Integration of the Resources

Before the end of the session with JB, I will encourage him to visit diabetes resource centers for counseling to help eliminate the depression problem and obtain instructions on the effective management of the illness. Though community and national resources have not been considerably incorporated into health care, such a partnership ought to be encouraged as a way of promoting quality care for the patients (Haas et al., 2013). For instance, the engagement of peers and personnel at the resource centers and health professionals has been found beneficial.

Potential Advantages and Disadvantages

The most noteworthy concerns for homeless patients encompass improper storage of things such as medication because of lack of housing, poor access to care due to transport limitations, and lacking funds (Haas et al., 2013). However, since diabetes resource centers provide accommodation, they offer solutions to these problems if the homeless patients join, for example, through help from a Good Samaritan. Moreover, the provision of services to homeless patients at the centers becomes convenient and ensures effective management of diabetes and quality of life. Nevertheless, homeless patients may be unruly for being used to the cruel life in the streets. Additionally, they could resist the services offered for desiring death to escape the problems in the streets.
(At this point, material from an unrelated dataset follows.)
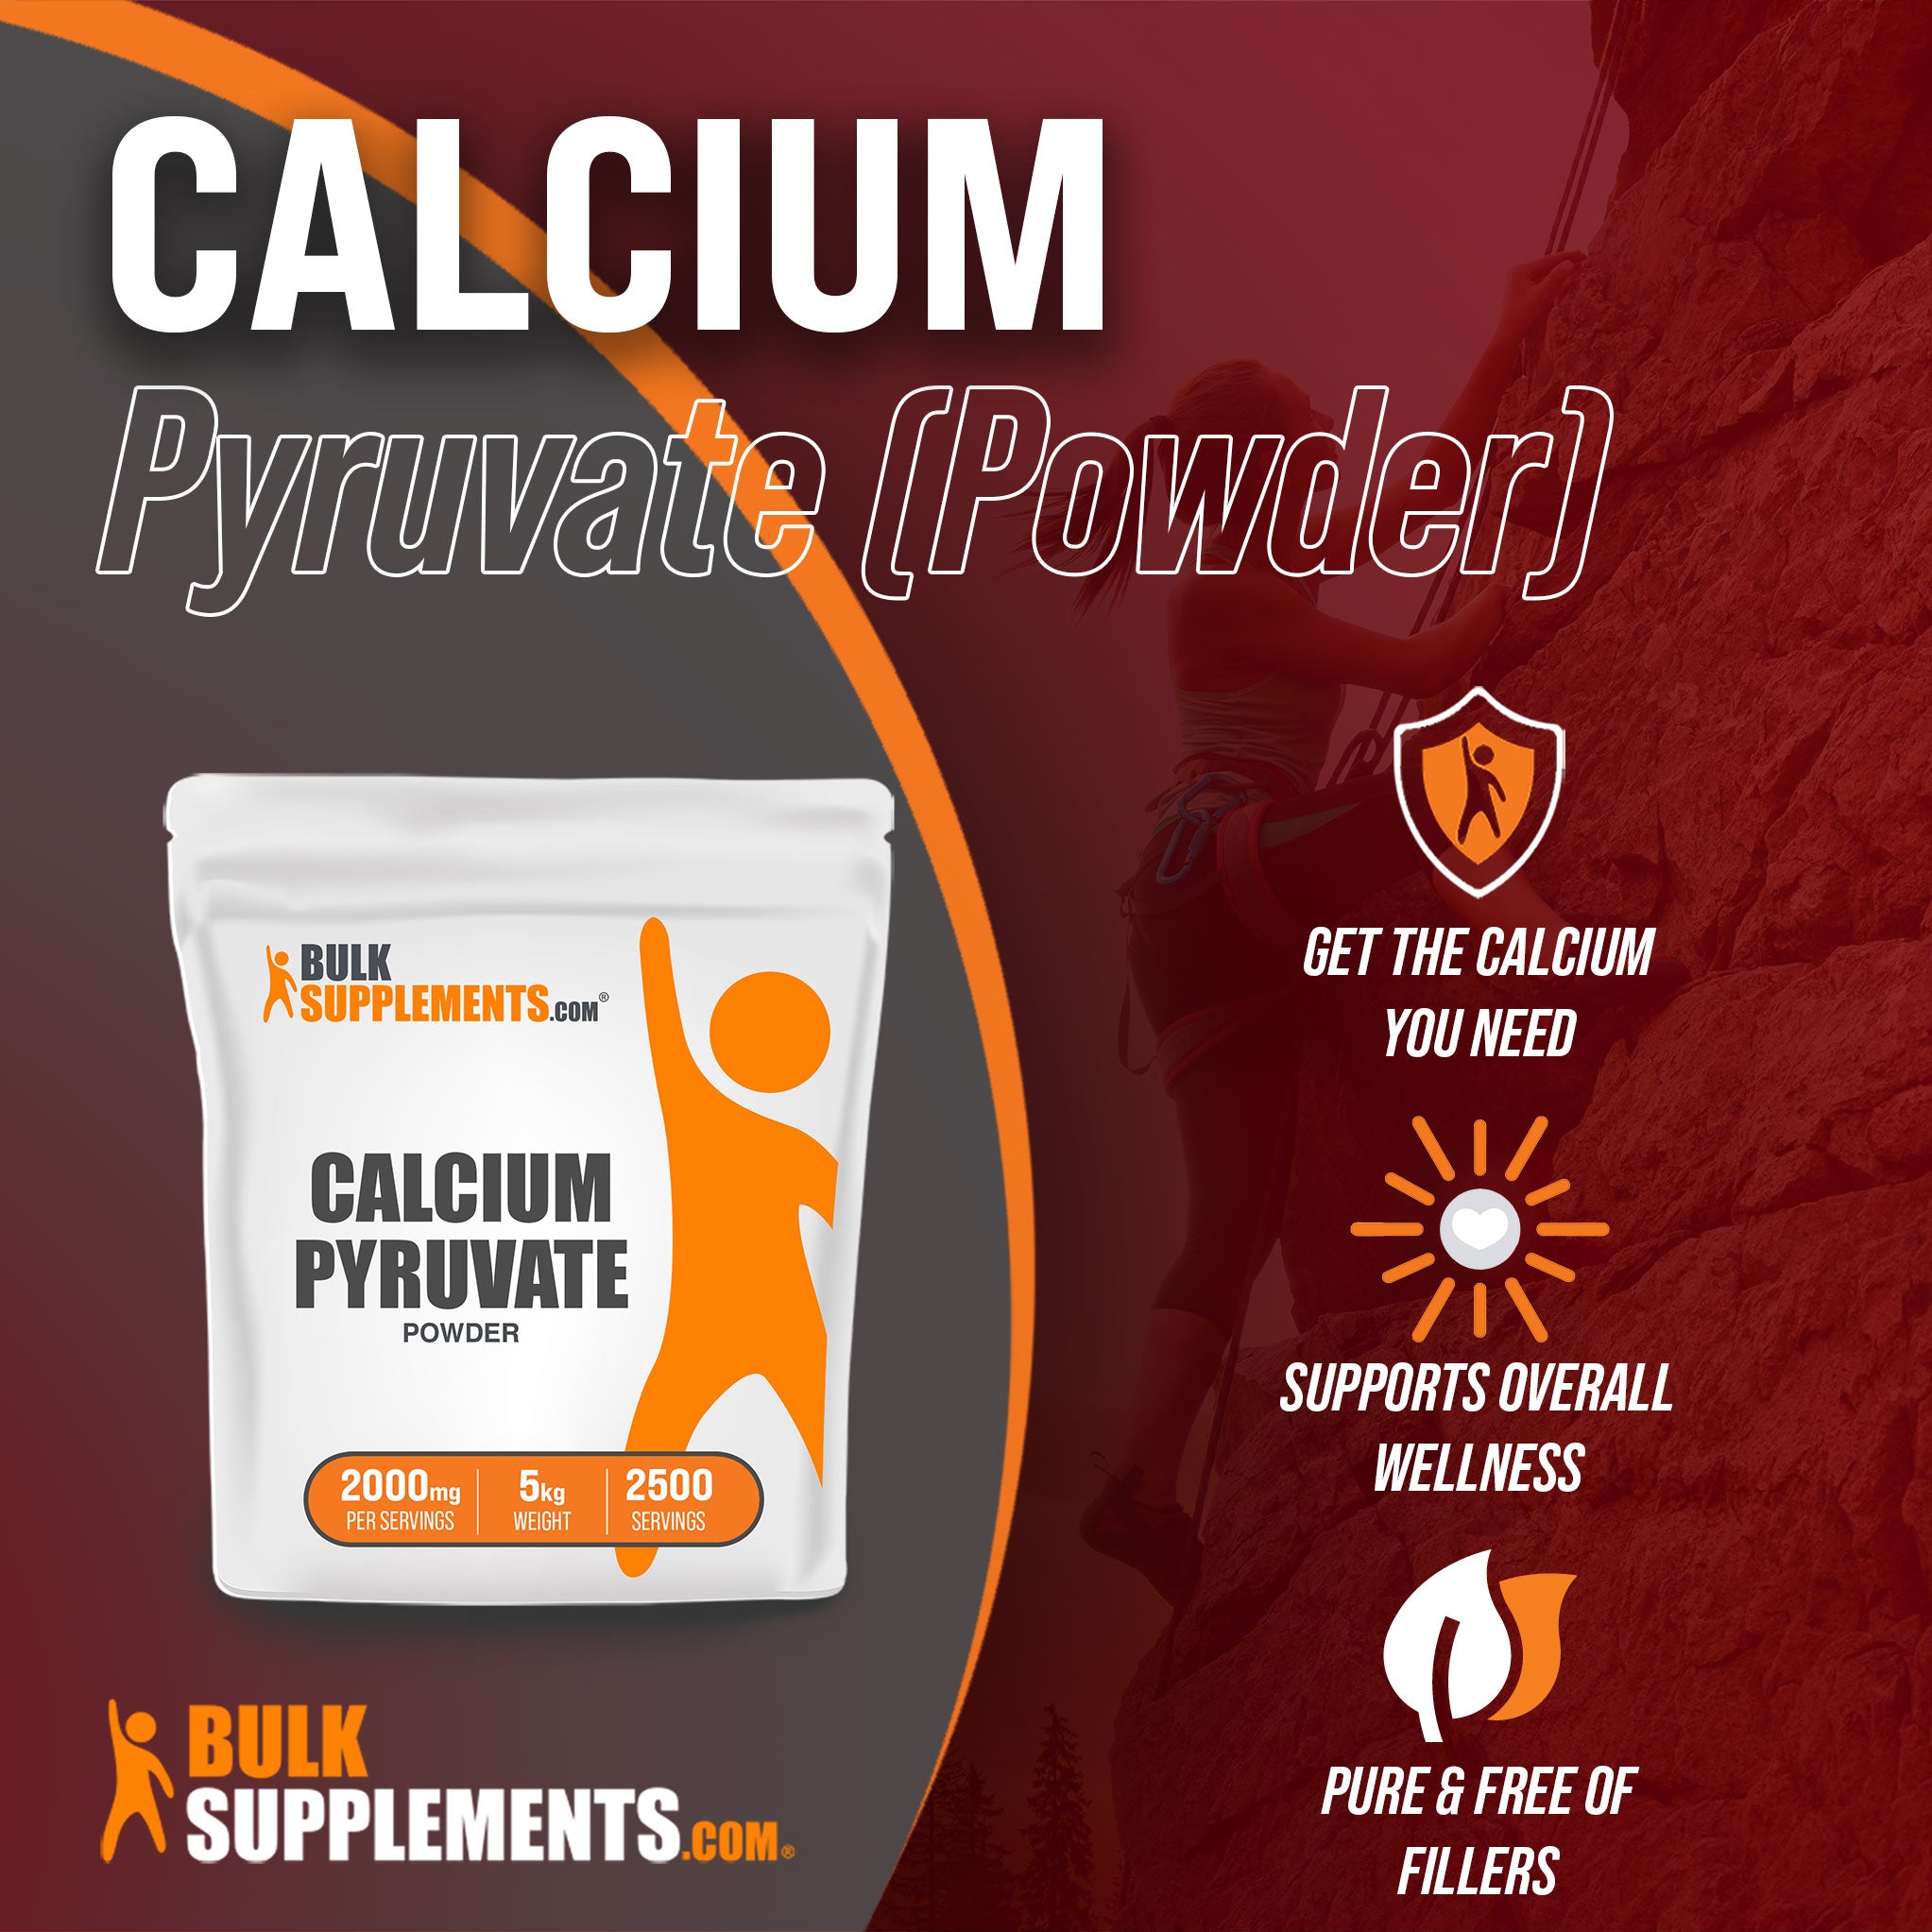 Our 5kg calcium pyruvate supplements are pure and filler free

Community and national resource centers for diabetes help in encouraging policymakers and rousing determinations to decrease diabetes complications. The Diabetes Research Institute, the Memorial Healthcare System, and the Diabetes Center Miami are some of the resources in Florida that offer services to patients and enlightenment on the best approach to preventing and managing the illness. Though there could be some disadvantages for homeless patients seeking the resources, the advantages are greater.


American Diabetes Association. (2012). Diabetes management in correctional institutions. Diabetes Care, 35(1), 87-93.
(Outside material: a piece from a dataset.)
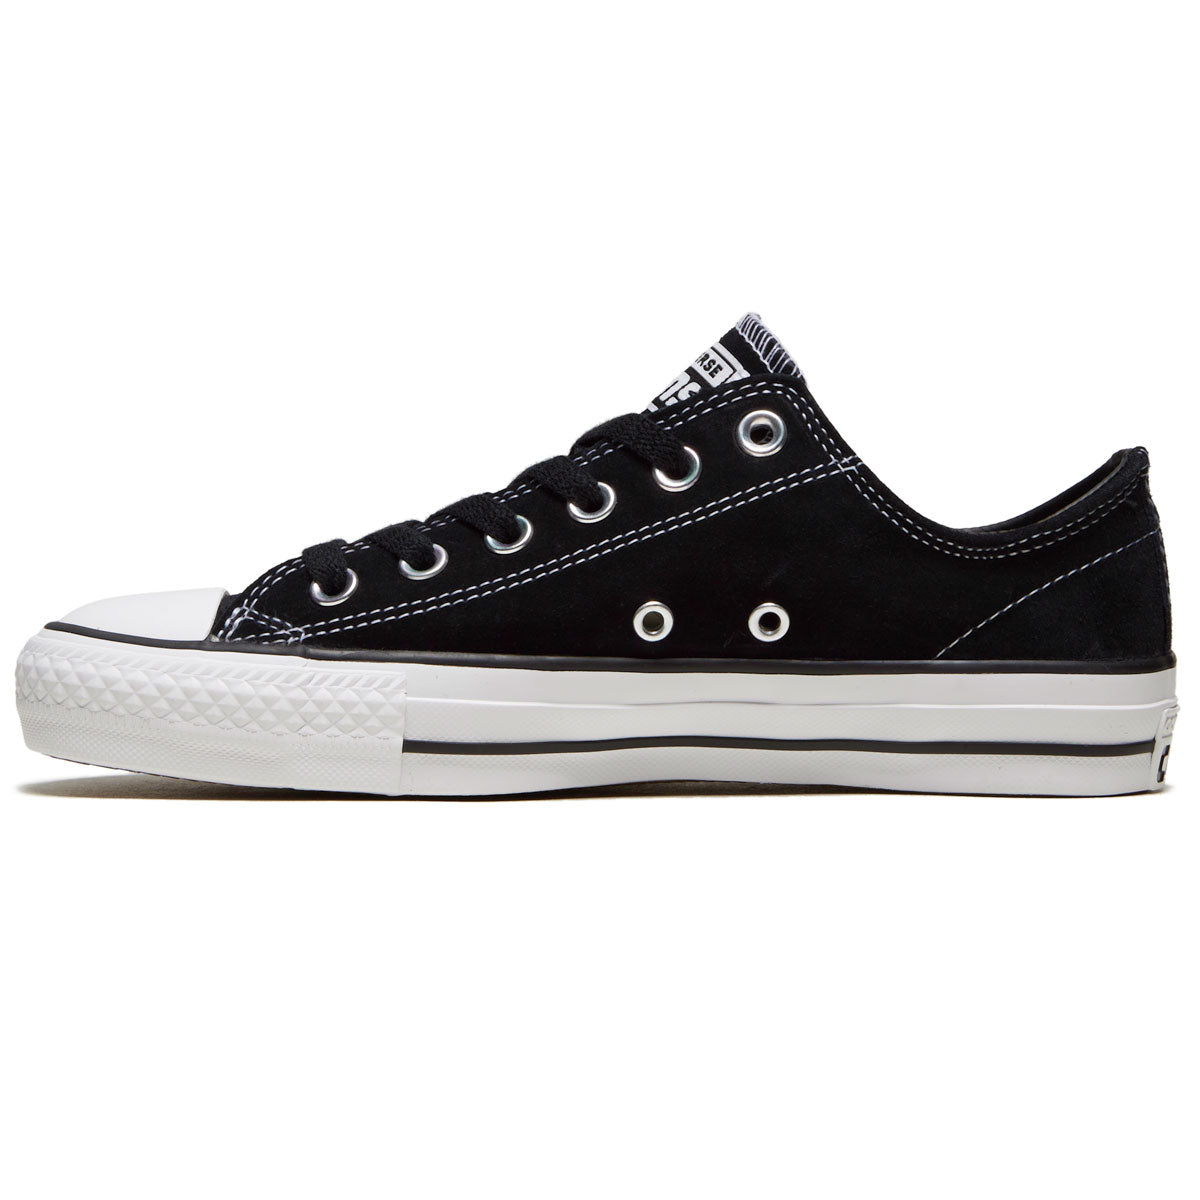 Converse Chuck Taylor All Star Pro Suede Ox Shoes - Black/Black/White, – CCS

American Diabetes Association. (2015). Diabetes advocacy. Diabetes Care, 38(1), 86-87.

Haas, L., Maryniuk, M., Beck, J., Cox, C. E., Duker, P., Edwards, L., & Youssef, G. (2013). National standards for diabetes self-management education and support. Diabetes Care, 36(1), 100-108.

Weller, S. C., Baer, R. D., de Alba Garcia, J. G., & Rocha, A. L. S. (2012). Explanatory models of diabetes in the US and Mexico: The patient–provider gap and cultural competence. Social Science & Medicine, 75(6), 1088-1096.